Among the myriad of downstream effects to patient care, the Dobbs decision will indisputably impact the scope of residency training for those that provide reproductive health services. Almost half of ObGyn residents train in states that have abortion restrictions in place.1 New educational milestones for abortion training, which are a requirement by the Accreditation Council for Graduate Medical Education (ACGME), were proposed quickly after Dobbs, guiding programs to offer opportunities for training in nonrestricted areas or the “combination of didactic activities, including simulation” to meet the training requirement in abortion care.2
Like many providers, residents already are grappling with precarious and risky circumstances, balancing patient safety and patient-driven care amidst pre-existing and newly enforced abortion restrictions. Whether managing a patient with an undesired pregnancy, severe medical comorbidities, unexpected pregnancy complications such as preterm premature rupture of membranes, or bleeding, or substantial fetal anomalies, ObGyn residents cannot gain the experience of providing the full scope of reproductive health care without the ability to offer all possible management options. While some enacted abortion restrictions have exceptions for the health of or life-saving measures for the mother, there is no standard guidance for timing of interventions, leaving providers confused and in fear of legal retribution. At a time when trainees should be learning to provide patient-centered, evidence-based care, they are instead paralyzed by the legal or professional consequences they may face for offering their best medical judgements.

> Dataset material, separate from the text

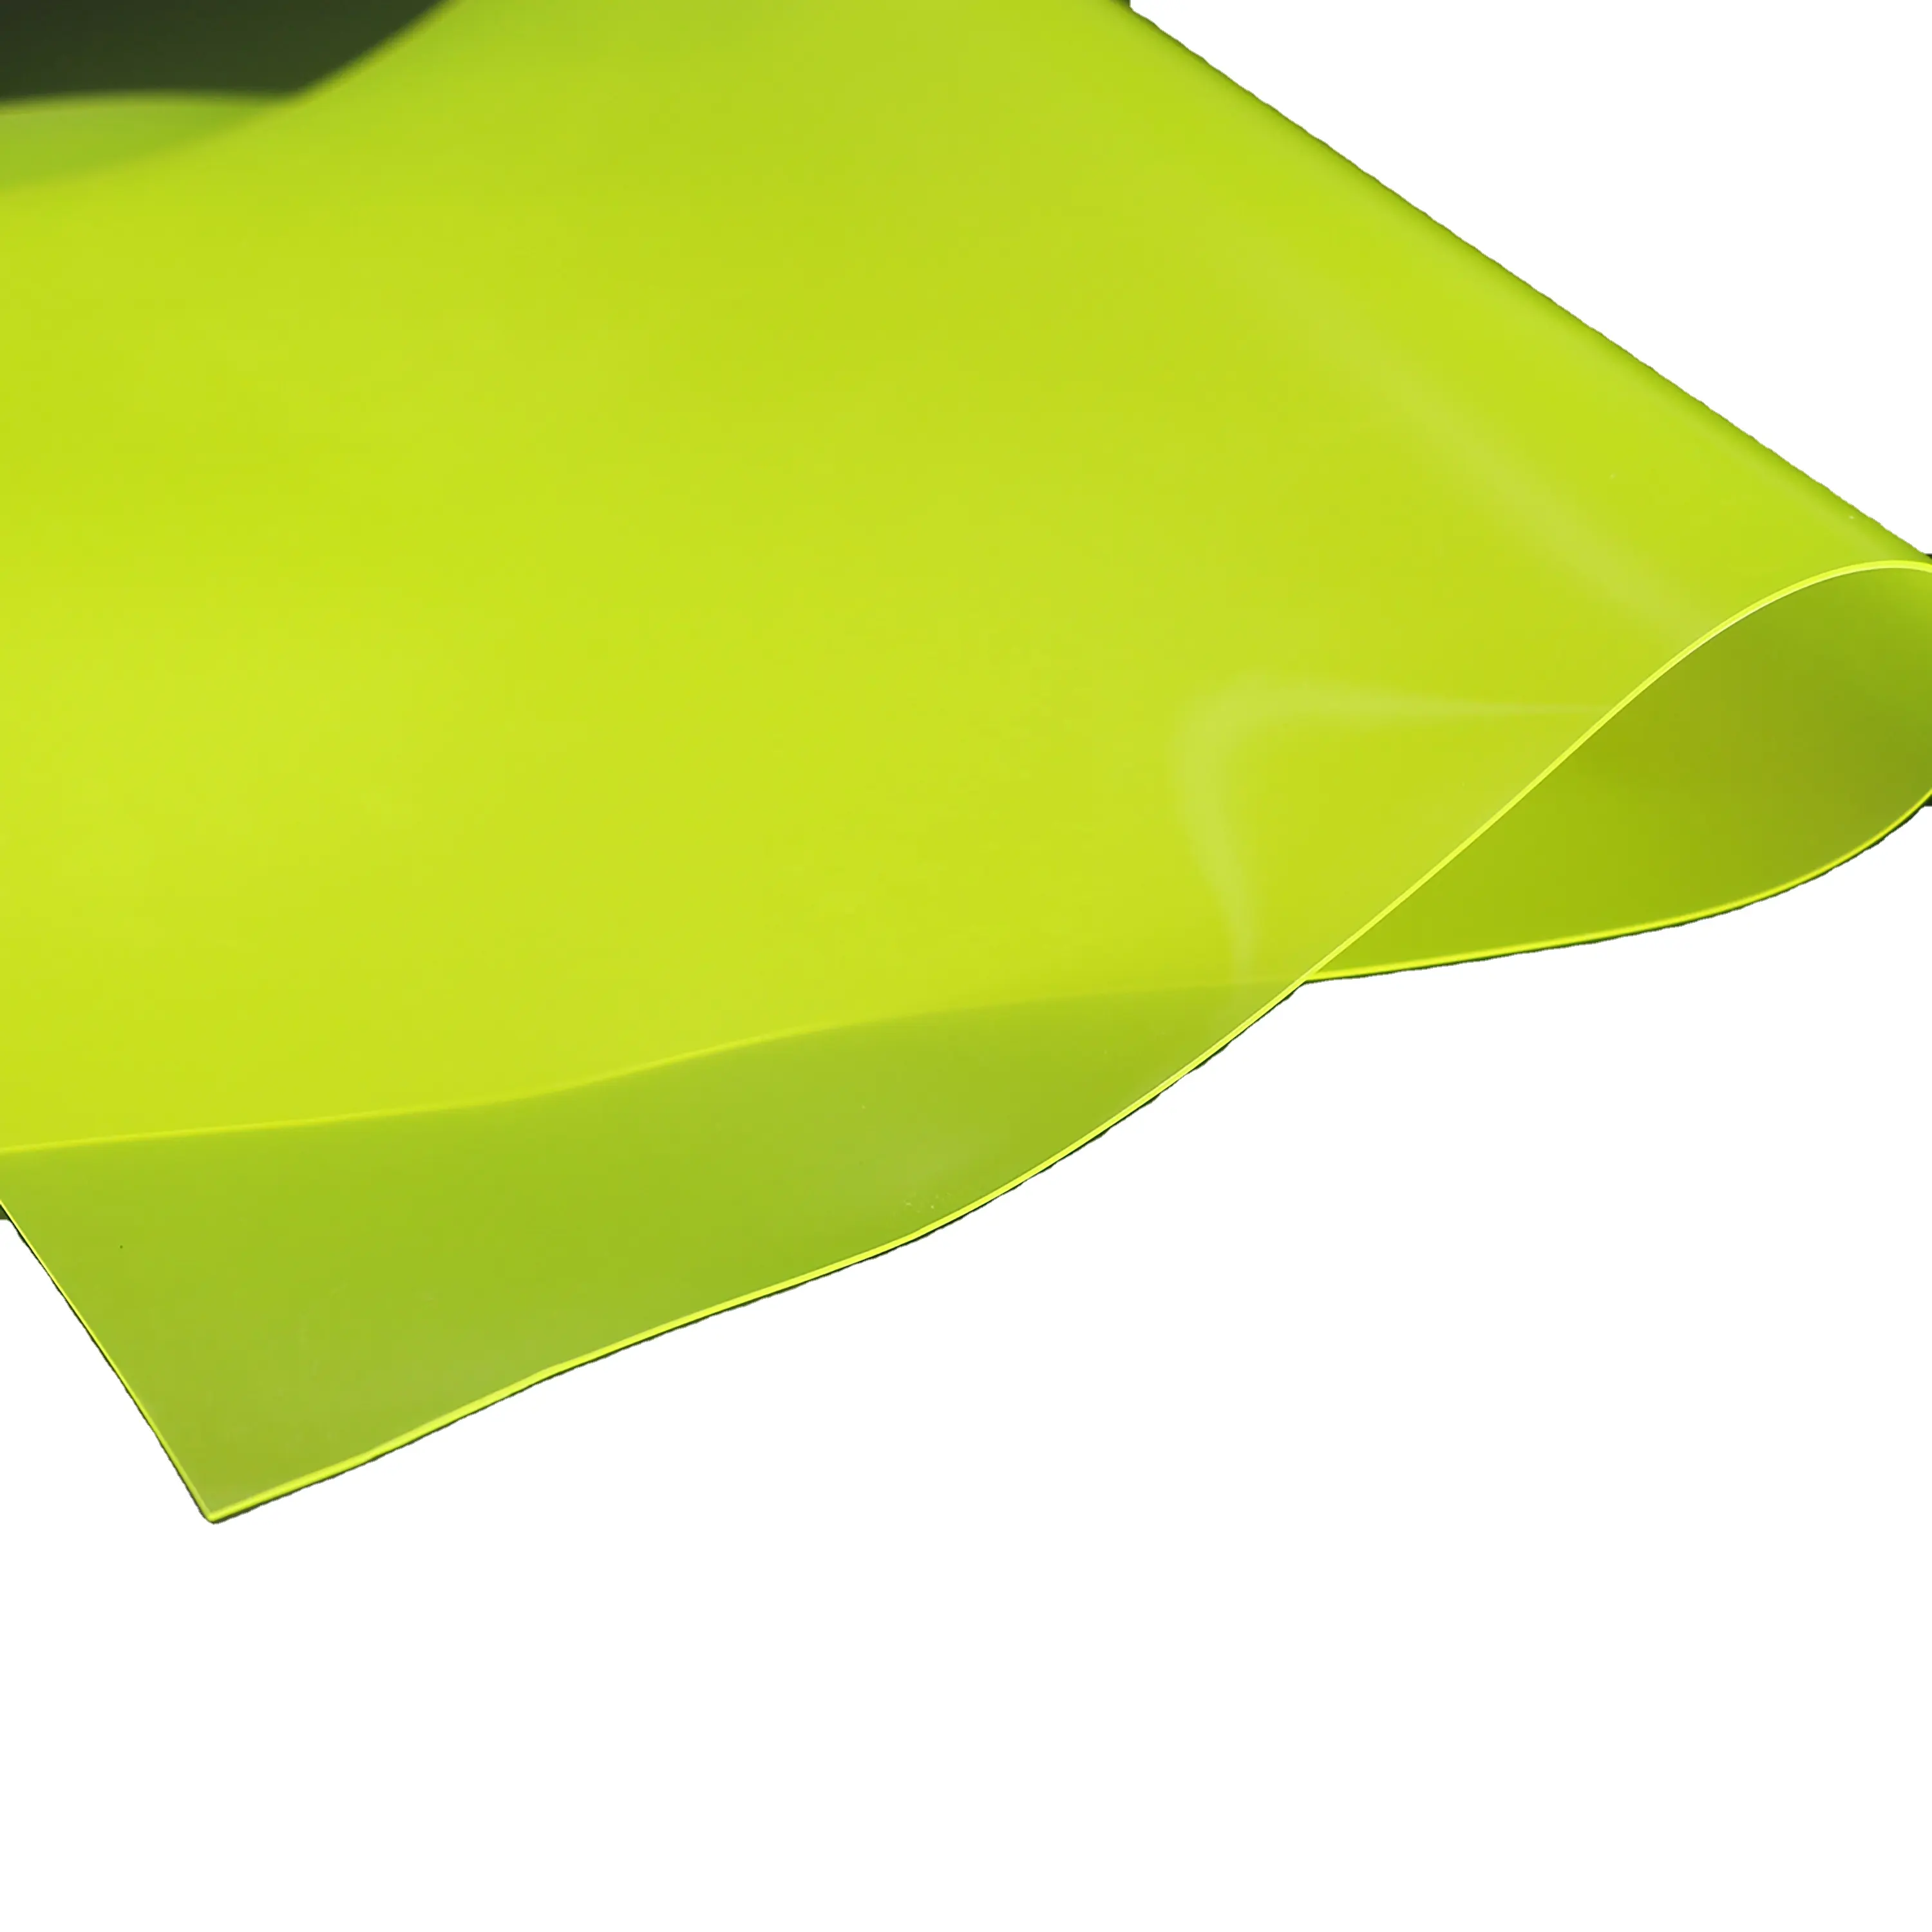 Xionglin-Película de TPU alifática elástica, no amarillento, lámina de poliuretano TPU transparente, película de poliéster mylar

Furthermore, the lack of exposure to dilation and evacuation procedures for residents in restricted practice areas will undoubtably decrease their confidence in managing acute complications, which is one of the critical facets of residency training. In a surgical field where repetition is crucial for technical competence, highlighted by ACGME minimum case requirements, the decreased volume of abortion procedures is a disadvantage for trainees and a disservice for patients. While anti-choice promoters may argue that involvement in surgical management of early pregnancy loss should suffice for ObGyn training in family planning, this piecemeal approach will leave gaps in technical skills.
The fear of legal ramifications, moral injury, and inadequate surgical training may lead to the siphoning of talented trainees to areas in the country with fewer restrictions.3Dobbs already has demonstrated how limiting abortion access will deepen inequities in reproductive health care service delivery. Approximately 55% of ObGyn trainees and nearly two-thirds of maternal-fetal medicine graduates join the workforce in the state where they received their training.4 Medical students will seek opportunities for high-quality ObGyn training in areas that will help them to be well-prepared, competent physicians—and more often than not, stay in the area or region that they trained in. This will lead to provider shortages in areas where access to reproductive health care and subspecialist providers already is limited, further exacerbating existing health disparities.
During this recruitment season, trainees and residency programs alike will need to reckon with how the ramifications of Dobbs will alter both the immediate and long-term training in comprehensive reproductive health care for the ObGyn workforce. ObGyn trainees have taken a stand in response to the Dobbs decision, and nearly 750 current residents signed onto the statement below as a commitment to high-quality training and patient-centered care. Clinical experience in performing abortions is essential to the provision of comprehensive evidence-based reproductive health care, and access to these procedures is as important for physicians-in-training as it is for patients.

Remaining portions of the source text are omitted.